From the 126 samples hybridized to Affymetrix HG_U133 Plus 2.0 oligonucleotide arrays, 113 chips (71 P, 42 NP) satisfied quality control thresholds. Using empirical Bayes moderated t-statistics with p-value less than 0.001 and a minimum log2 fold-change of 0.3 thresholds as criteria of significance, we identified 305 differentially expressed probesets (corresponding to 208 distinct genes) between P and NP women (see Additional file 1: Table S1). Of these, 267 were up-regulated and 38 were down-regulated (Figure 1). In order to test the validity of the list of differentially expressed genes, the parity status labels were randomly permuted and the analysis was repeated 10,000 times. Over half of the permutations yielded either 0 or 1 differentially expressed gene, the 95th percentile of counts was 15 differentially expressed genes, and only 8 out of 10,000 permutations yielded at least 305 differentially expressed genes (i.e. p-value = 0.0008) suggesting the differentially expressed gene signature does not arise by chance. Hierarchical clustering of the differentially expressed probesets (with no sample clustering) shows the pattern of up and down regulated genes within each group (see Additional file 1: Figure S1). To understand the biological theme of the observed gene expression differences, we carried out bioinformatics-based analysis of microarray data.

Gene ontology (GO) enrichment analysis revealed biological processes that were categorized into groups including RNA metabolic processes, differentiation and development of epidermis and ectoderm, and cell-substrate junction assembly (Table 1), findings that are in agreement with existing knowledge that pregnancy hormones promote the differentiation of mammary epithelial cells [3]. Highly represented in the parous breast were biological processes involving both mRNA and RNA metabolic processes and RNA splicing machinery.

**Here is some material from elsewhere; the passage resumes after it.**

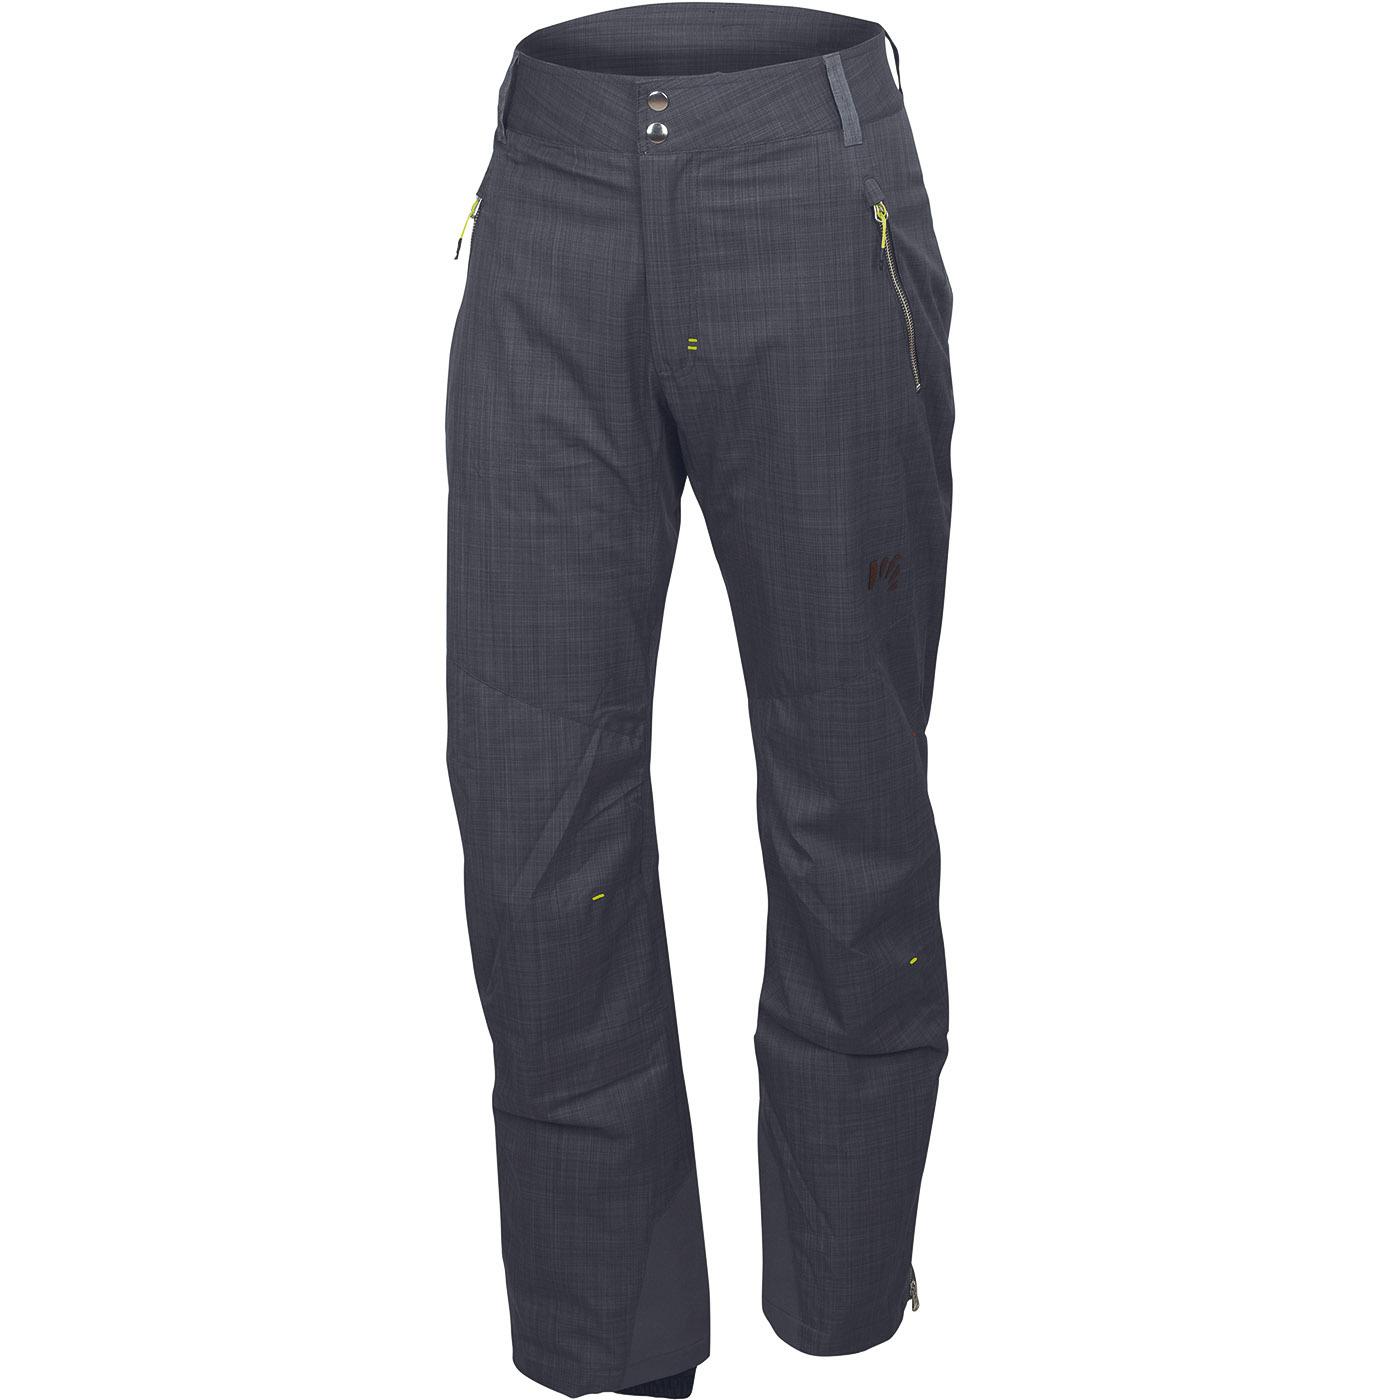 37e833d8df6c Pánske lyžiarske nohavice Karpos sivé
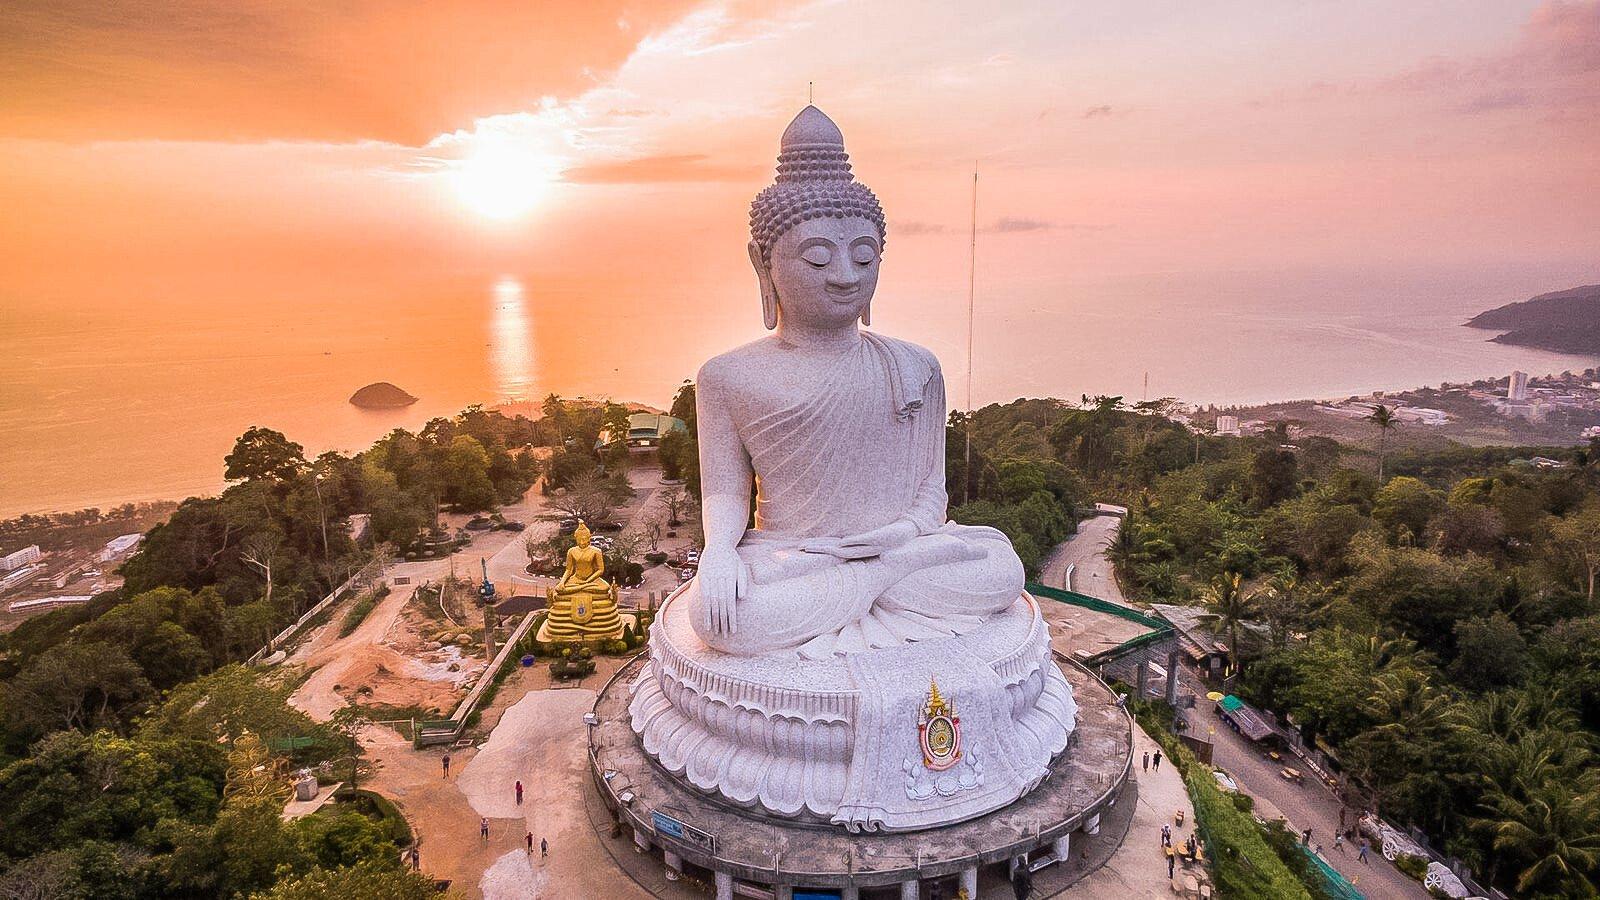 Phra Puttamingmongkol Akenakkiri Buddha or Big Buddhais a seated Maravija Buddha statue inPhuket, Thailand.

Important genes that were up-regulated within these categories were: RBMX, HNRNPA1, HNRNPA2B1, HNRNPD, LUC7L3, PNN, PRPF39, RBM25, SFPQ, SFRS1, SFRS5, SFRS7, PABPN1, and PRPF4B. Biological processes such as differentiation and development of epithelial and ectodermal cells were represented by the up-regulation of COL7A1, KRT5, KRT15, LAMA3, LAMC2, NTF4, and KLK7. We also found that genes which are pivotal in two biological processes that are critical to the anchoring of epithelial cells to the basement membrane, hemidesmosome and cell-substrate junction assembly, such as KRT5, LAMA3 and LAMC2, were up-regulated in the P group (Table 1).

Table 1 GO biological processes enriched for both up and down regulated genes between parous and nulliparous breast samples

Among the down-regulated genes, insulin-like growth factor 1 (IGF-1) was enriched in 19 biological processes that comprised cell proliferation, regulation of IGF-like growth factor receptor signaling, somatic stem cell maintenance, muscle cell differentiation and apoptosis, among others. Other down-regulated genes were RALGAPA2, SOX6, ABHD5, EBF1 and RASD1 (Table 1).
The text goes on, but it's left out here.